The material below is to be copied exactly from the line with "Garderob 2 dörrar" up to and including the line with "CAPE VERDE - 1000", with nothing else kept and no pictures.

_Data records_
* * *

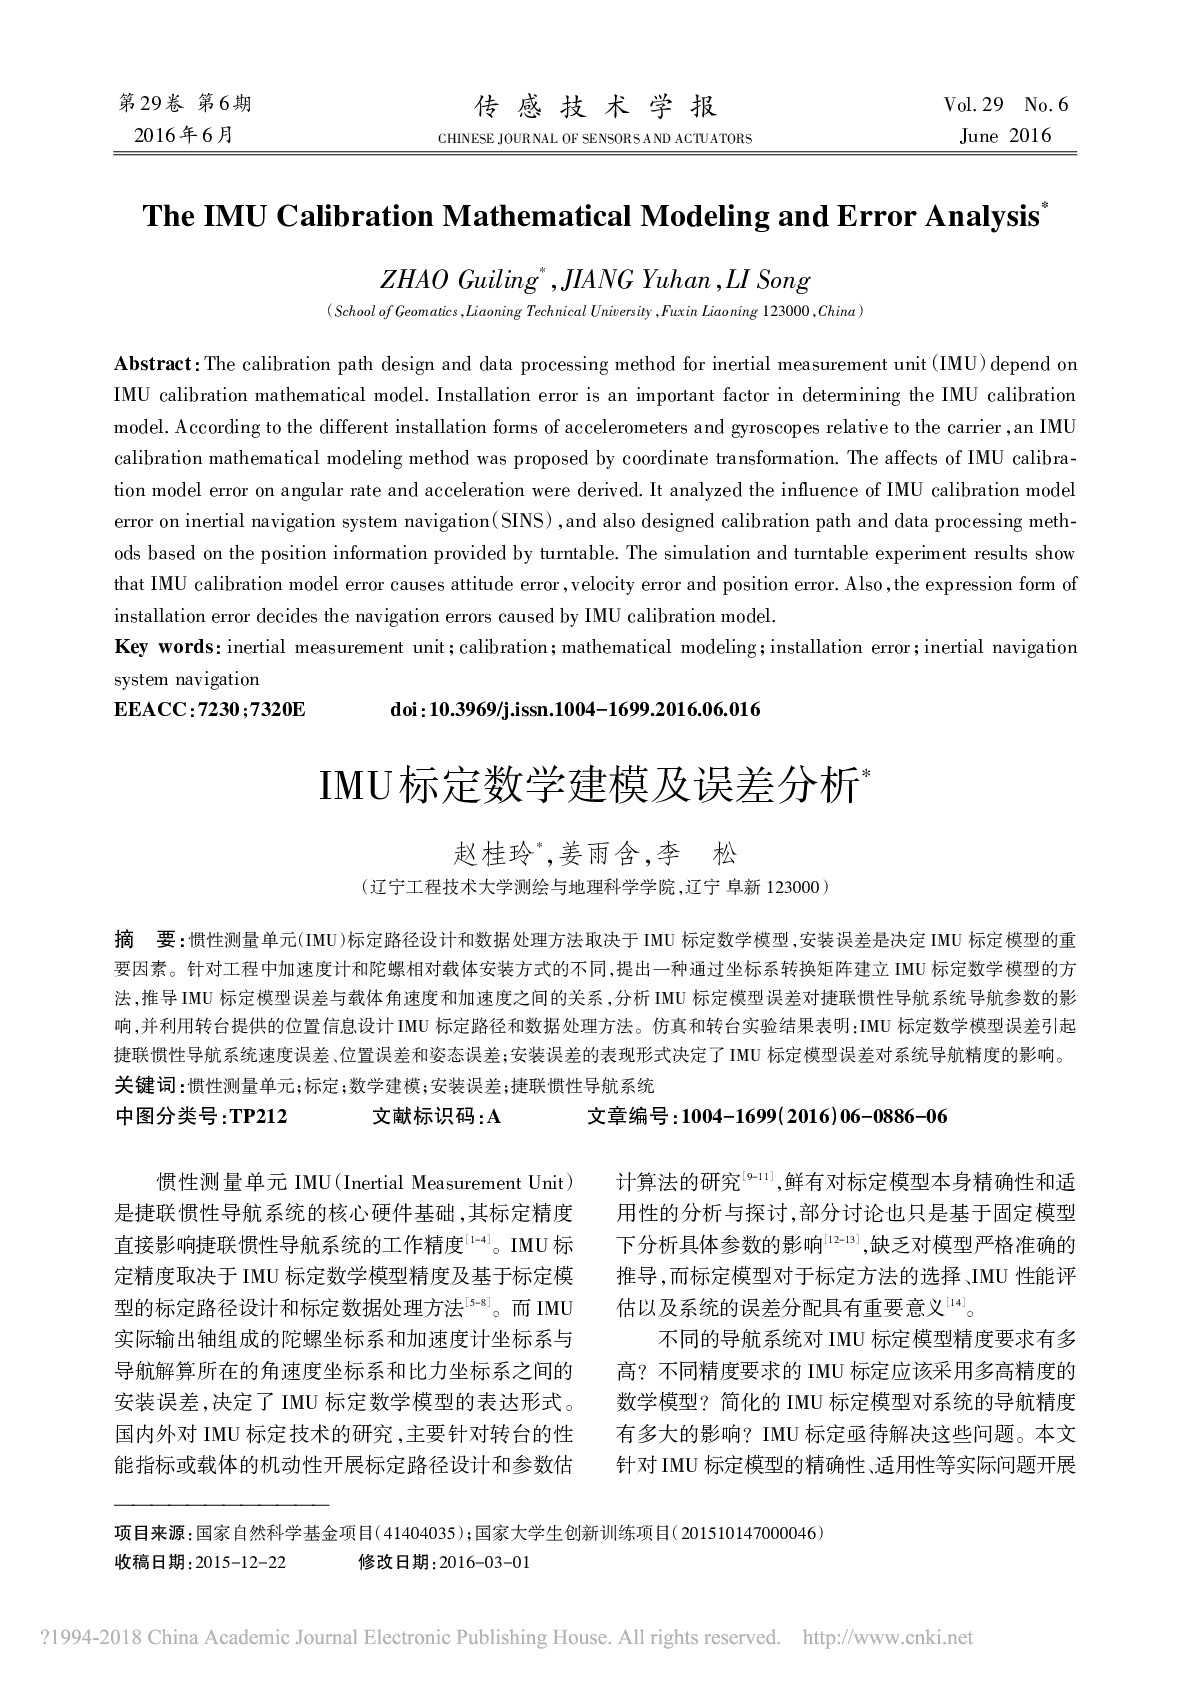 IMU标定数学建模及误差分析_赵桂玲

* * *

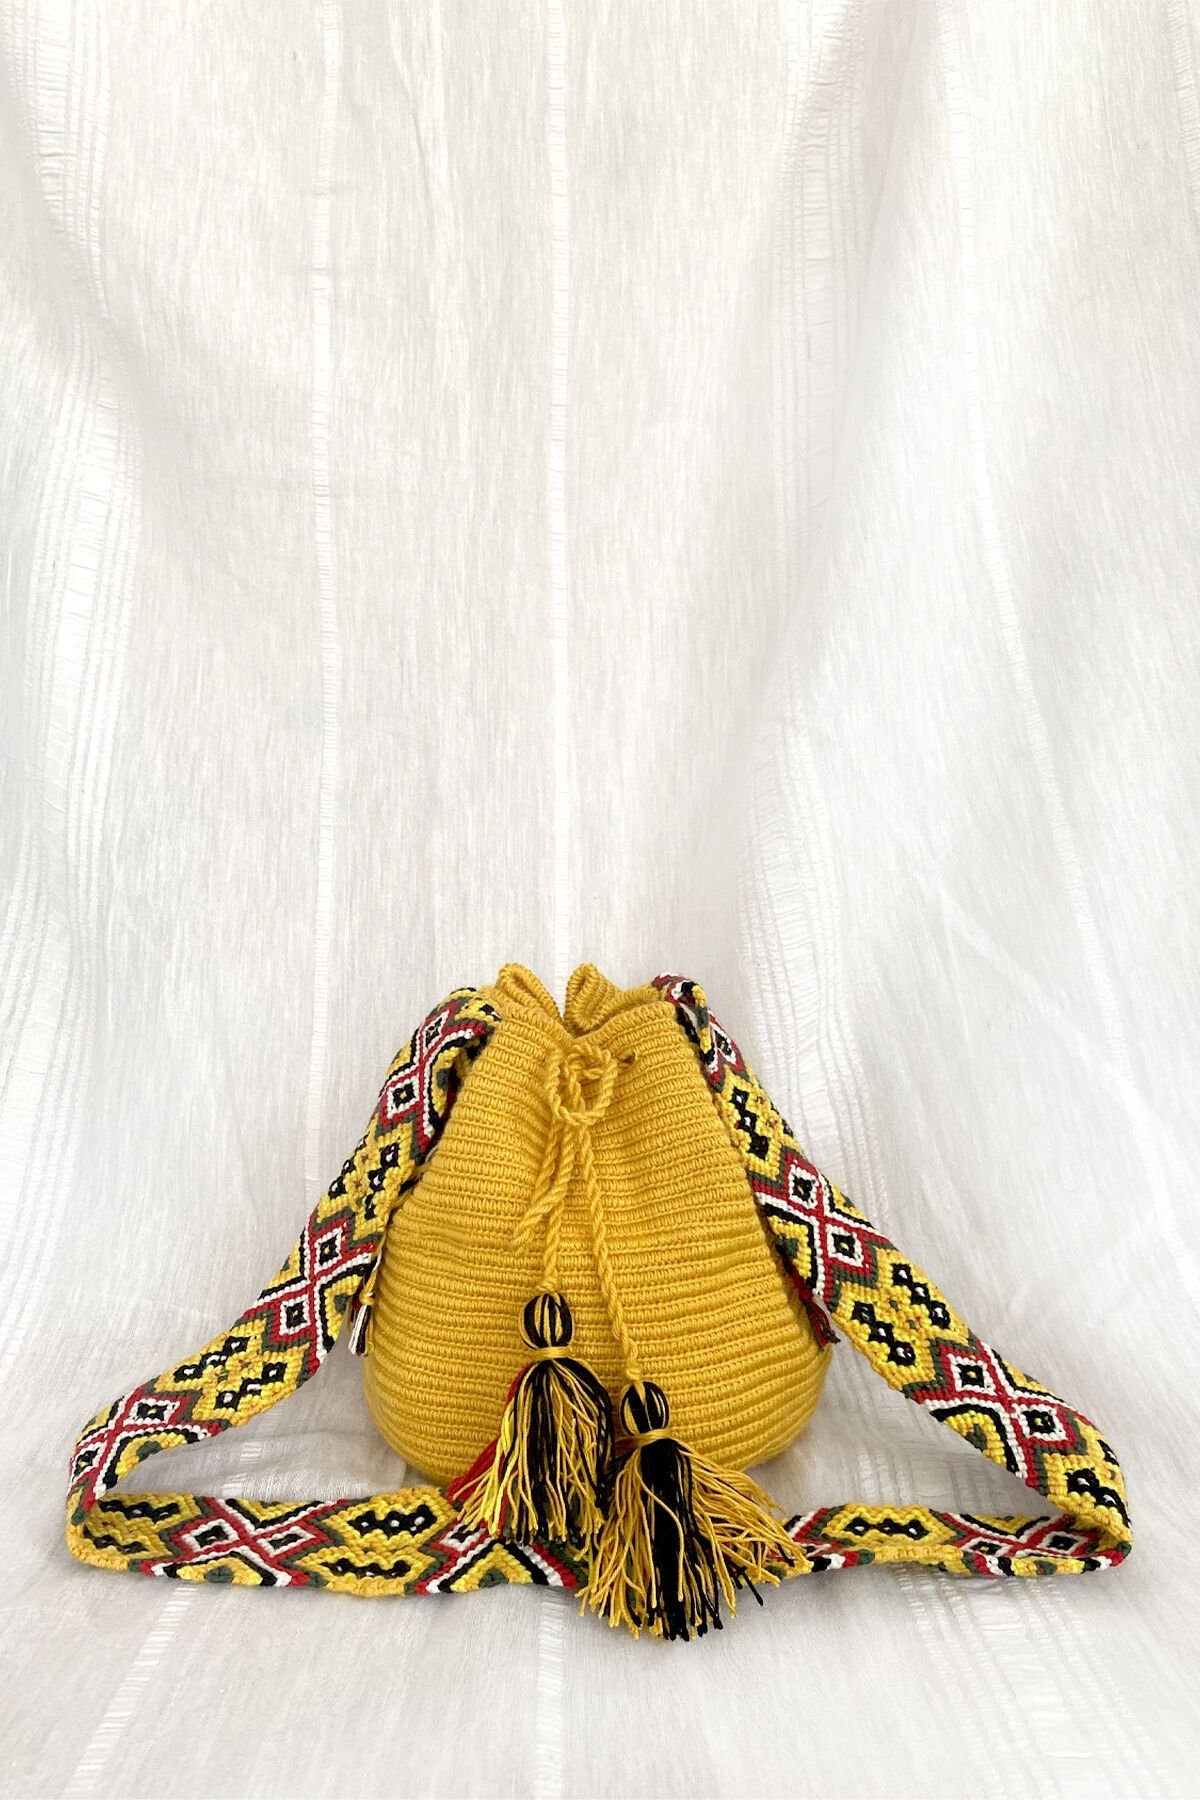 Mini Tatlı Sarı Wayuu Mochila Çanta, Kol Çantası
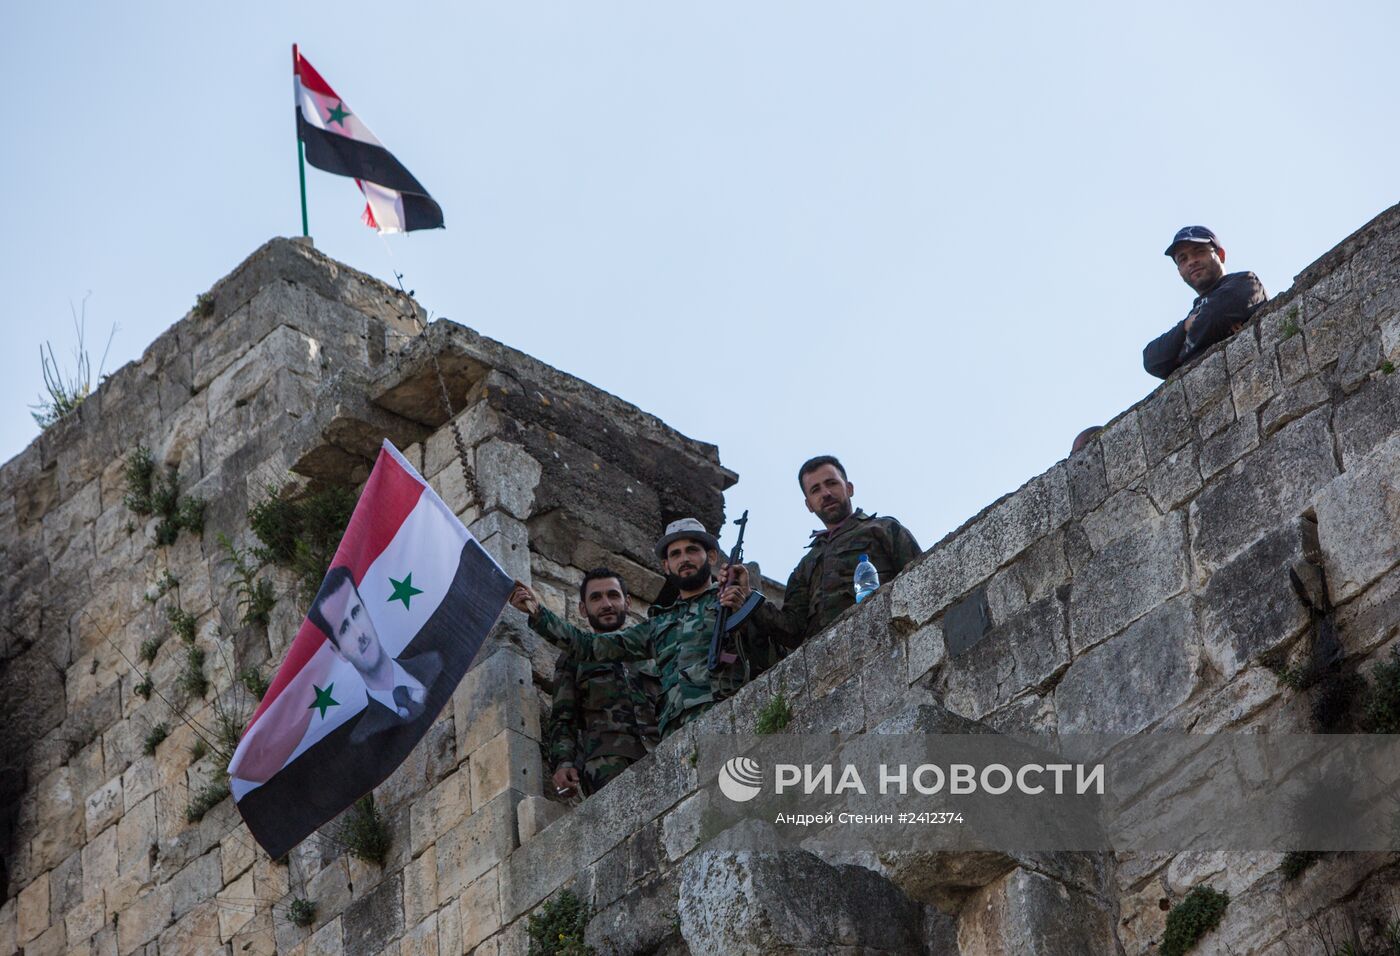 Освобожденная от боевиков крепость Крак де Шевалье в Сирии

* * *

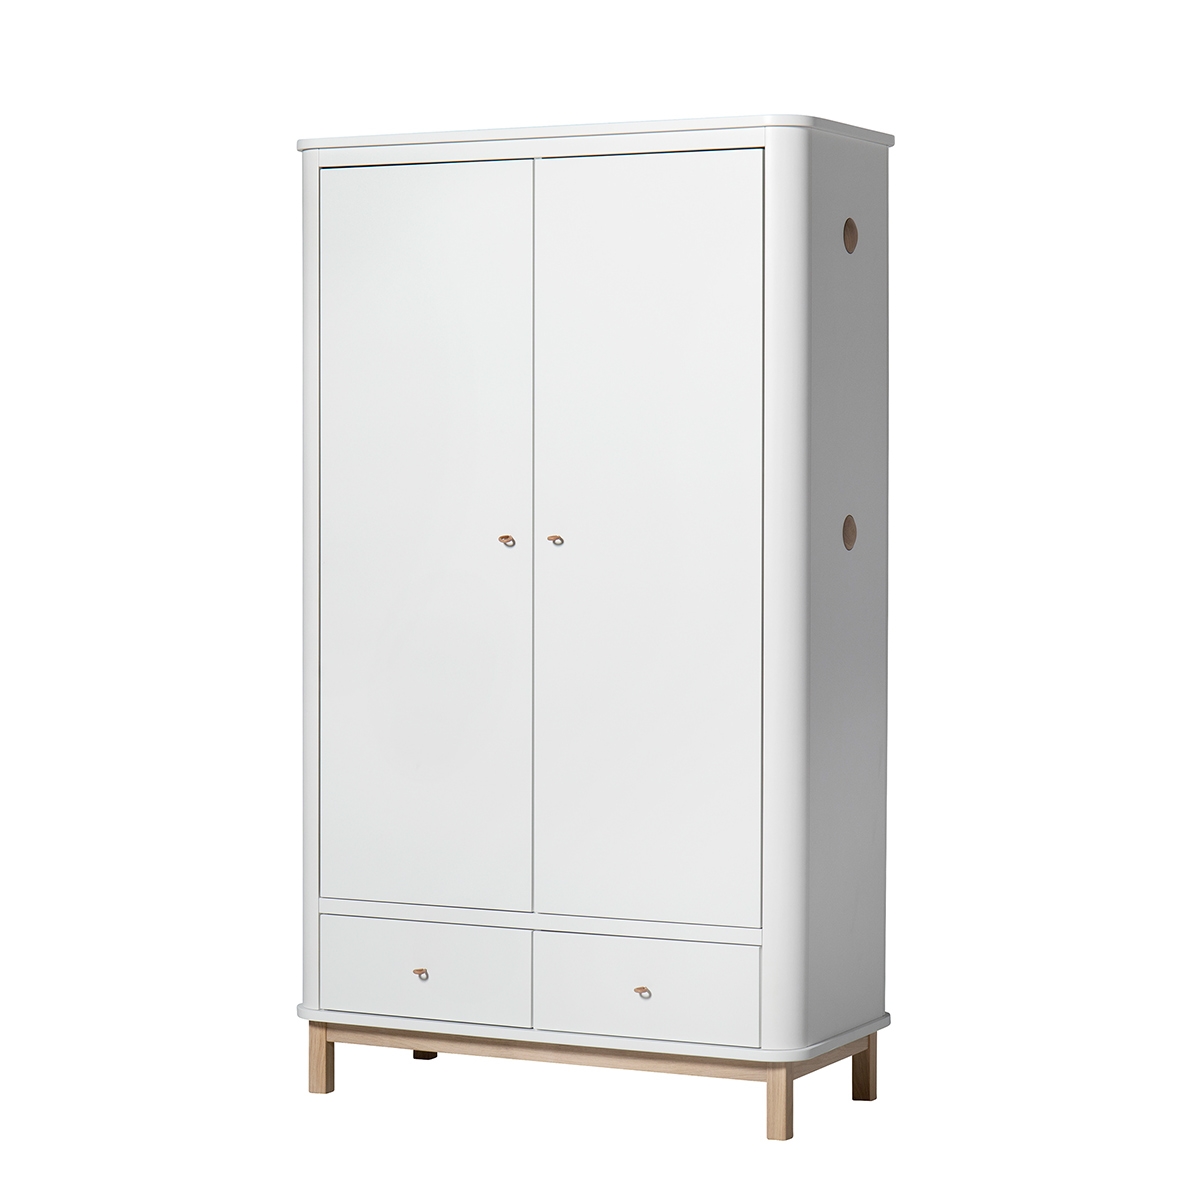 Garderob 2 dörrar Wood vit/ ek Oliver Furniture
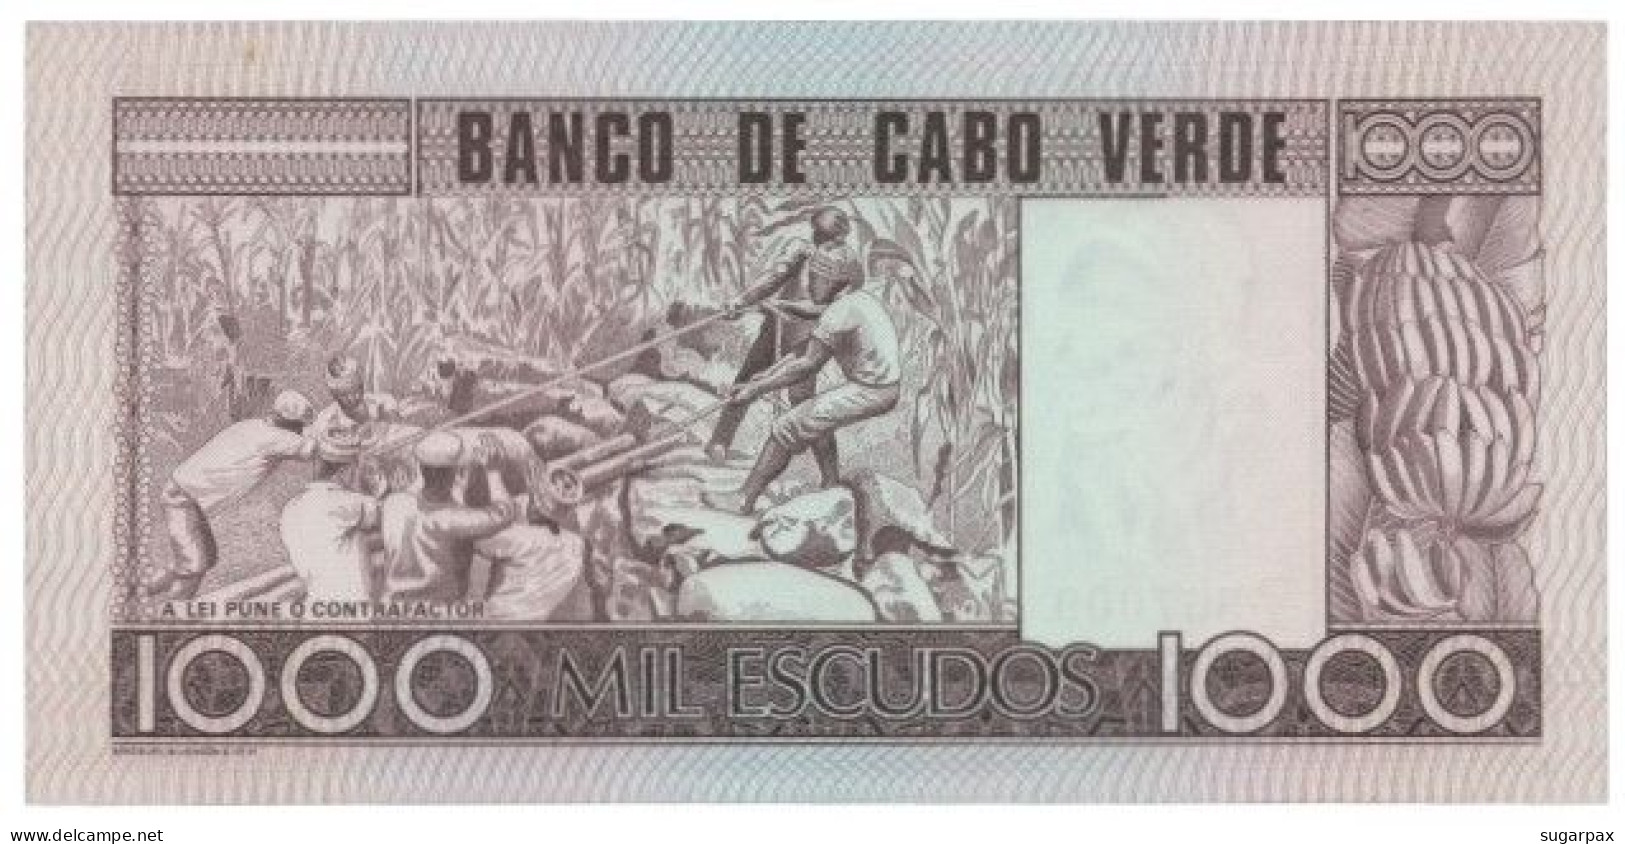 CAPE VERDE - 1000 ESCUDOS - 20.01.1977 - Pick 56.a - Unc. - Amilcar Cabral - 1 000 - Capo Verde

* * *

_Solution below_
 Garderob 2 dörrar Wood vit/ ek Oliver Furniture
 CAPE VERDE - 1000 ESCUDOS - 20.01.1977 - Pick 56.a - Unc. - Amilcar Cabral - 1 000 - Capo Verde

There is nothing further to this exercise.